購入の前にPC側のType-C仕様をチェック

 PCにこの製品を接続し、2台目のディスプレイとして使うためには、

  • PCにType-C端子があって、Type-C Alternate ModeでのDisplayPort出力ができること
  • そのType-C端子が約10Wの電力を供給できること、または別途Micro USBで電力を用意すること

という両方の要件を満たす必要がある。

 つまり、この製品を購入するときには、接続して使おうとしているPCのType-C端子の数と機能について考慮する必要がある。

 たとえばType-C端子が1つだけしかない場合、本機を接続して機能させることはできる。だが、その端子がUSB Power Delivery(PD)による電源入力のための端子を兼ねている場合、PCに電源を供給できなくなってしまう。両立させるためには、PDパススルーの機能を持ったHubなどを別途用意しなければならないかもしれない。

 また、PC側のType-C端子が2個あったとしても、双方ともにPDと映像出力ができるのは片方だけで、もう片方はデータ入出力のみというPCも数多く見かける。

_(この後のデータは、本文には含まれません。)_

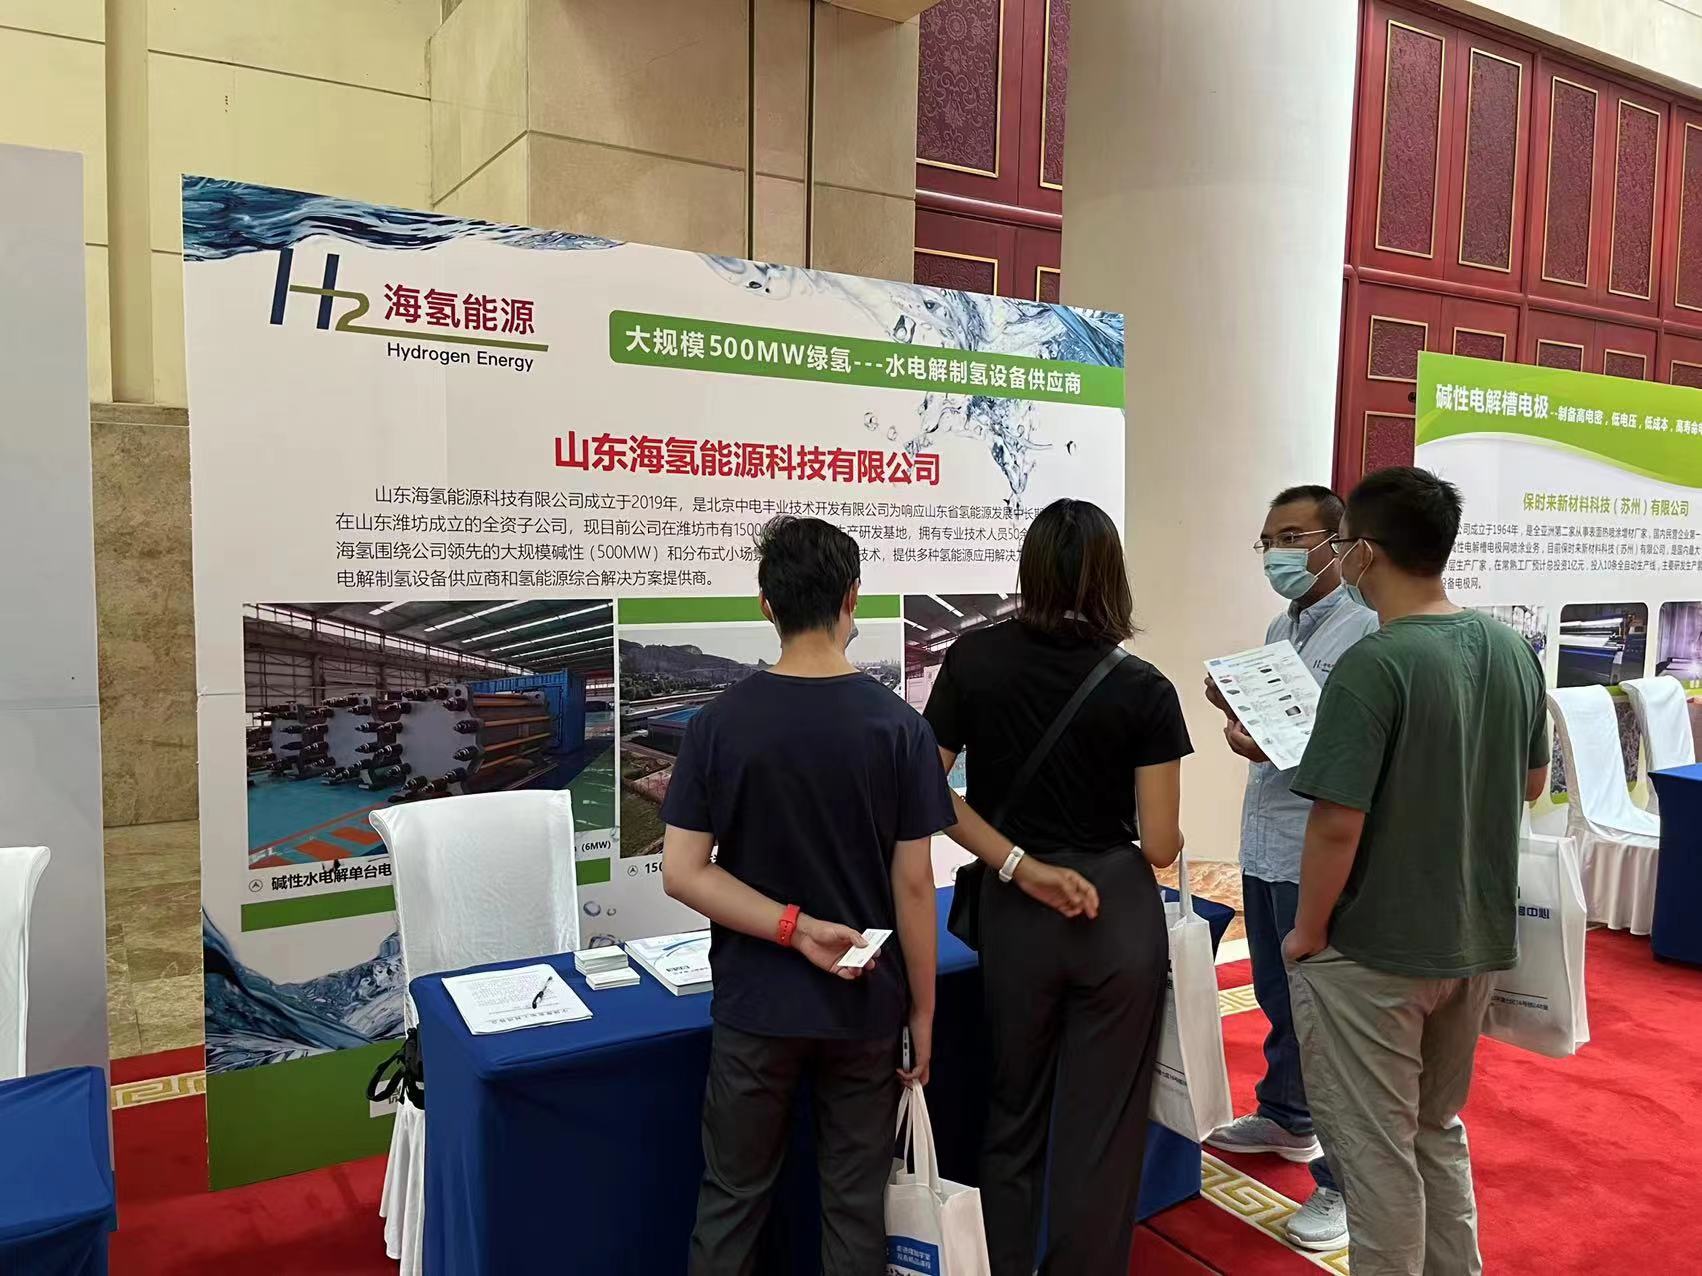 SinoHy Energy's wholly-owned subsidiary, Shandong Hydrogen Energy Technology Co., Ltd., presented in Jinan 2022 China Hydrogen Production and Hydrogen Energy Conference

 つまり、PCを充電しながら、ディスプレイに電力と映像を出力することができるかどうかを入念にチェックしないとフル活用ができないということになる。

軽くはないが重くもない

 約970gというのは15.6型のモバイルディスプレイとしては決して軽いほうではない。既存製品には、もっと軽量な製品が見つかるはずだ。バッテリを内蔵しているわけではないのにこの重量になってしまっているのは本体のコストダウンによるものだと想像できる。筐体は決して豪華な造りではないが、安っぽいわけでもない。

 バッテリ非搭載というのは、製品の重量を少しでも軽く抑えることができることのほかに、本体の陳腐化を抑制できるメリットもある。バッテリは使っているうちにへたってしまう消耗品だ。

 さらにはエンドユーザーが交換不可能なパーツでもあり、ディスプレイのように、比較的長く使える機器に内蔵してしまっていると、ディスプレイとしてはまだまだ使えそうなのに、バッテリがへたってしまっているという事態に陥りかねない。

モバイルの枠組みを超えて環境を考えよう

 今回、ちょうど4泊の出張があったので、いつもの24型モバイルディスプレイ(※編注 次の記事を参照『もうモバイルじゃないとは言わせない』)のほかに、2台のモバイルディスプレイを持参して使ってみることにした。

 出張先の4画面体制というのは心が躍る……。そのために、2つのType-CポートとHDMIポートを持つPCを用意し、3台のディスプレイを接続してみたところ、そのPCでの外部出力ができるのは2台までだということがわかった。せっかく期間に似つかわしくない重装備で出張にでかけてみたのに見事な企画倒れだ。

 失敗の話はさておき、15.6型のディスプレイ環境は想像以上に便利だ。3kgを超える24型ディスプレイを持ち運ぶのはなかなかたいへんだが、1kg未満の15.6型ならなんとかなる。携行のためにスーツケースもいらない。機内持ち込みのバッグで十分だ。にもかかわらず、作業環境はずいぶんよくなる。1kgで2万円という代償で得られる効果としてはかなりのものだ。

 来年(2020年)はオリンピックの年で、それにともなって在宅勤務やテレワークの機会も増える傾向にあるそうだ。ノートPCの持ち出し禁止を撤廃する企業も増えてきている。

 モバイルという枠組みでこうしたディスプレイ製品を考えるだけではなく、在宅勤務やオフィスでの省スペースディスプレイとして考えれば、ケーブルを入れても約1kg弱という重量は十分に軽い。いちいち片付けるにしても負担は最小限で済む。

 移動時にはモバイルノートPCだけを携行し、オフィスに戻ったときのフリースペースデスクや、自宅に帰ったときの作業用に使うのであればおおいに役立つだろう。もちろん、出先でのプレゼンテーションなどでも、より視認性の高い画像を相手に提供することができるはずだ。